January 15th, 2011 Leave a comment Go to comments

If you follow the processors evolution you are probably familiar with the Sandy Bridge processors that have started appearing in notebooks and desktops shortly after the CES 2011 shows. Here are the main summary of new features in the Sandy Bridge Processor.

– The Memory Controller and the graphics controller now reside on the same die as the two cores. This is unlike the earlier architecture in which the memory controller and the graphics were on one core while the two cores of the CPU were on the other die. Also in the earlier Nehalem architecture the two processor cores were built with 32 nm process while the memory controller was built with 45 nm technology. In the Sandy Bridge we have a unified die built with 32 nm technology.

– There is a change in the L3 cache architecture – that intel now calls Last Level Cache ( or LLC). The graphics can now share thi cache in addition to the processor cores. The graphics, now do not need to go to the RAM to fetch the data. It improves the graphics performance.

– Sandy Bridge processors have new AVX (Advanced Vector Extensions) instruction set. The AVX instruction sets are the extensions of the SSE instructions set. The AVX adds 12 new instructions. The increases the size of the XMM registers ( XMM registers are kind of registers used by SSE and other instructions) from 128 bits to 256 bits. AVX uses a big register to store several small data and processes all data in one signle instruction).

– Sandy Bridge processors have improved Turbo Boost. Intel realized that the Heat Sink and the processor still stay cool, it extended the time for which the processor could operate in the Turbo mode. Intel allowed the processors to operate beyond the TDP rating, further improving its performance.

The Sandy Bridge processors have ring architecture. A component inside the CPU, a core, a cache, a graphics controller and System Agent ( comprising of Display, Memory Controller, PCI Express and DMI) talk in a ring fashion.  If there is a four core CPU, it can access data in any other CPU using the ring communication. The Sandy Bridge has new decoded microinstruction cache. The microinstruction cache can store 1,536 microinstructions occupying less than 6 kB that is called L0 cache by Intel.
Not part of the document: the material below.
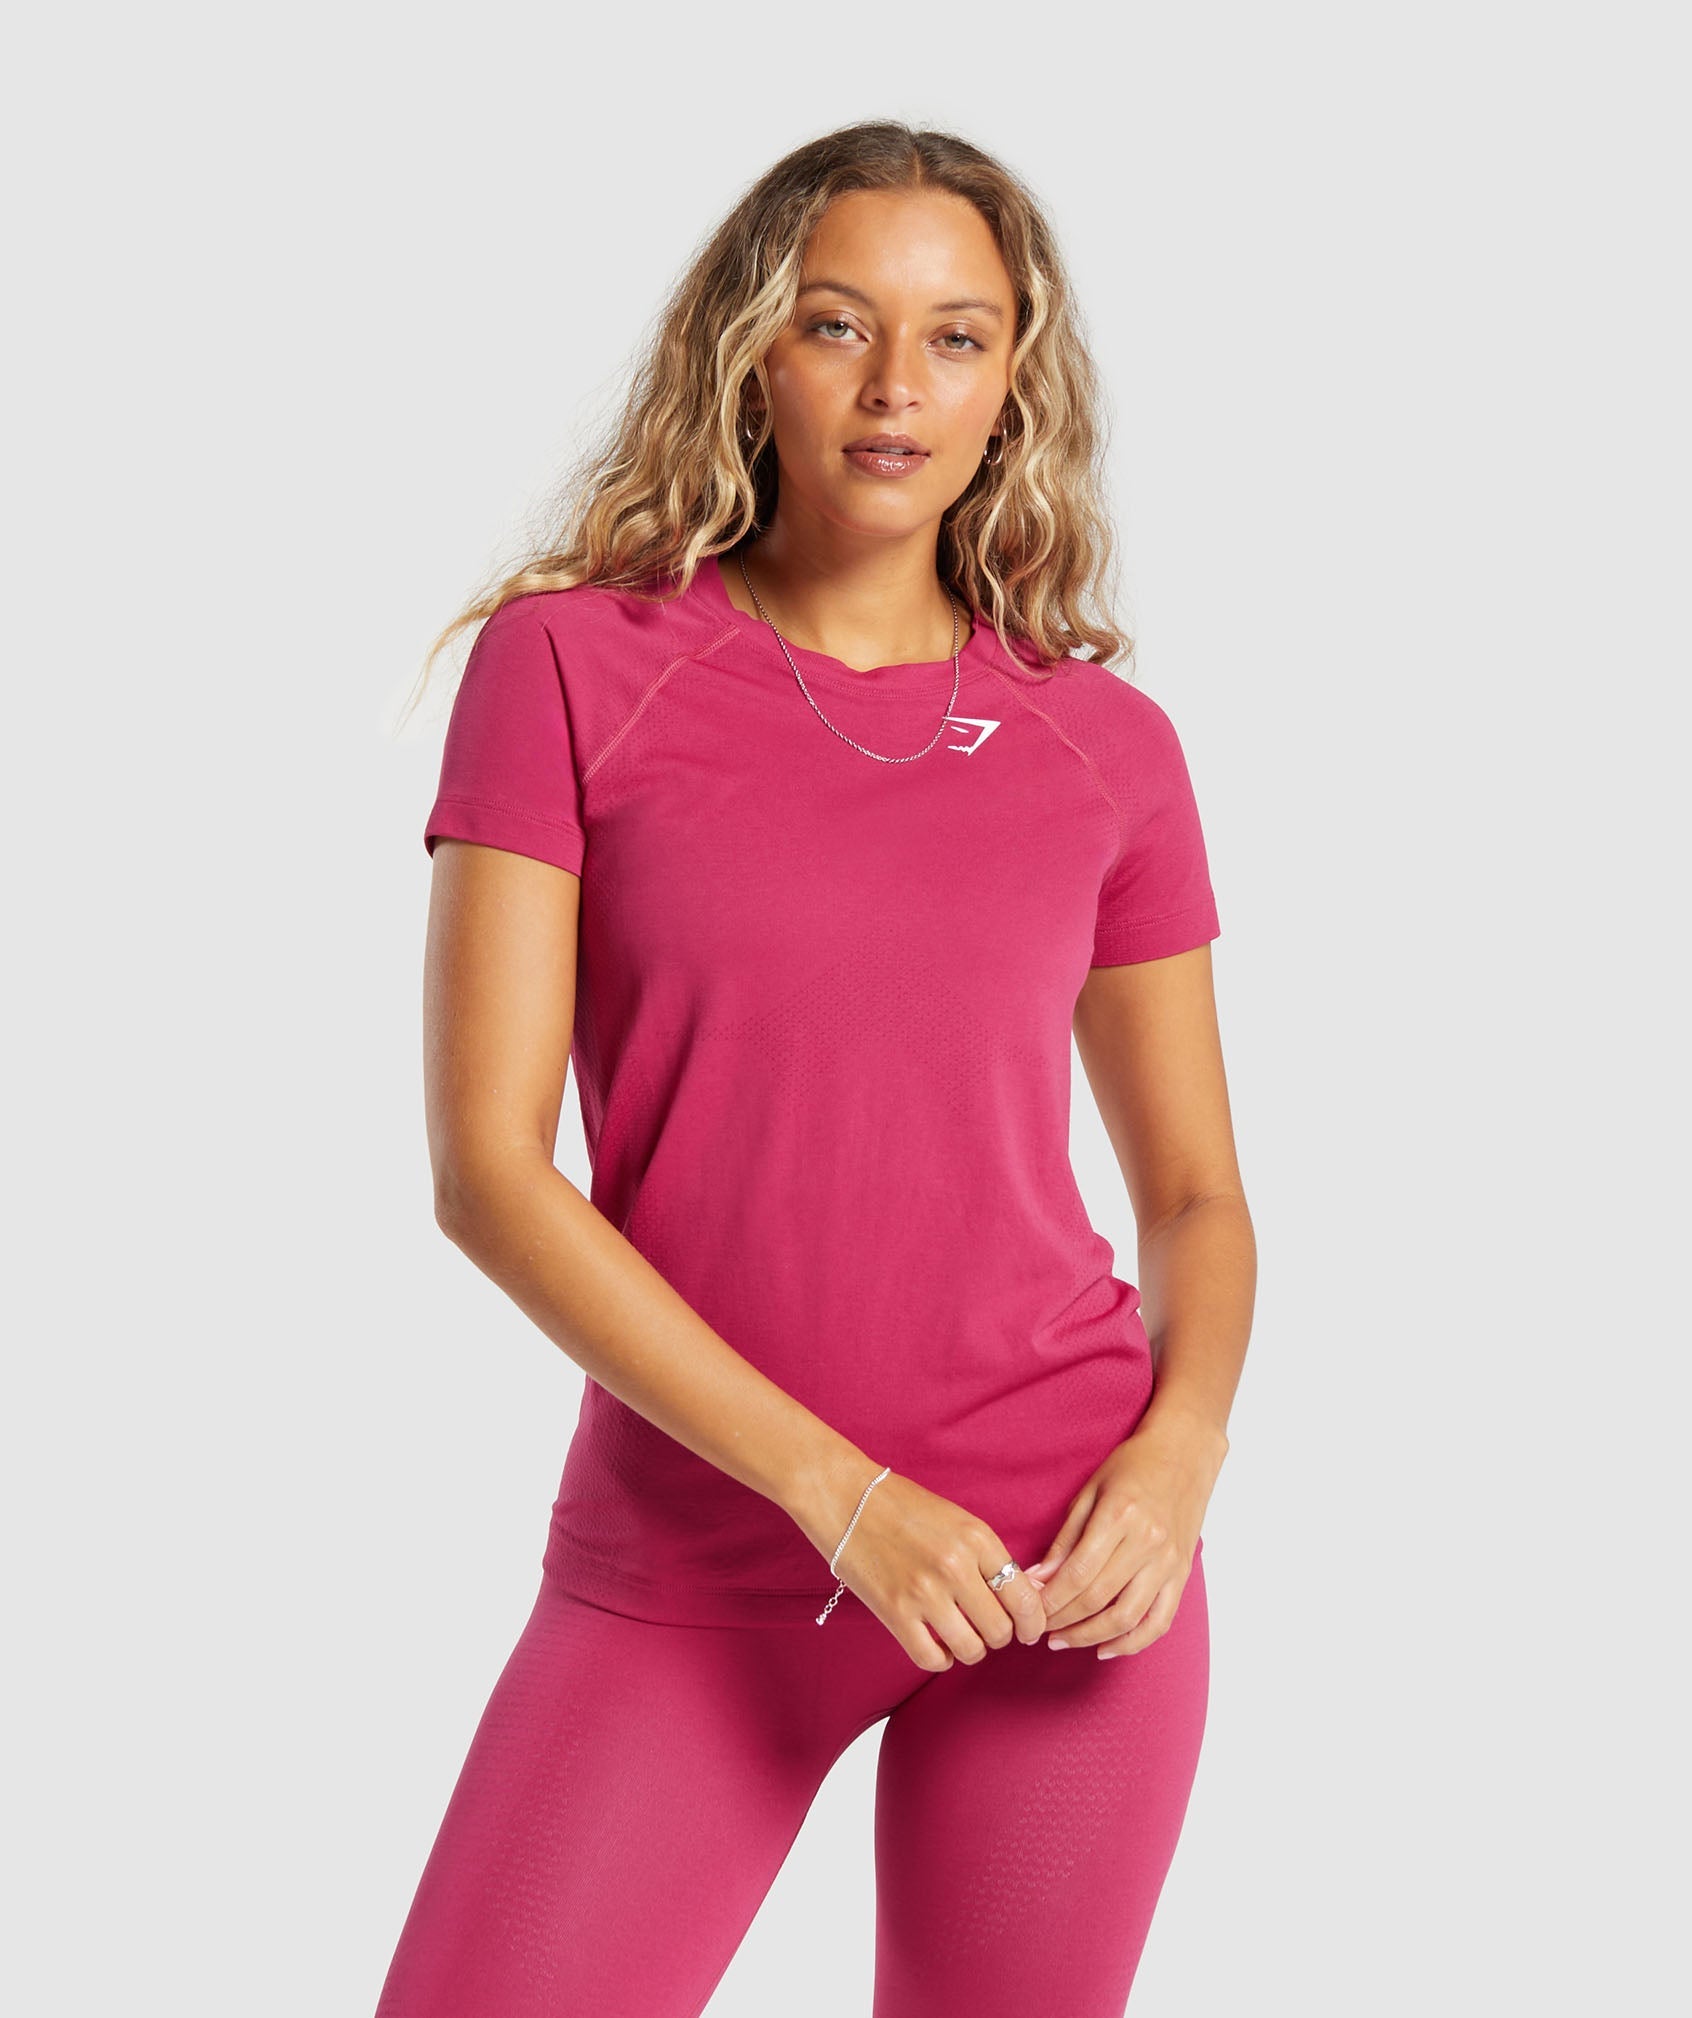 Vital Seamless 2.0 Light T-Shirt in Vintage Pink/Marl is out of stock

The idea is obvious. This helps if the program is running in a loopp where it will not have to decode the instruction, every time it enters the loop. This instruction will be already decoded by the L0 cache and ready for execution.

– The L1 consists of 32 KB instruction and 32 KB data Cache. We do not have any change from Nehalem architecture.

– The L2 cache is now called mid level cache – and now consists of 256 KB per core.

– Sandy Bridge allows two related instructions to be joined.

– The memory controller has been redesigned and it now supports memories up to DDR3-1333
– Has Integrated PCI Express controller that can give one 16 bit lane of two 8 bit lanes. This stays unchanged from the previous Nehalem architecture.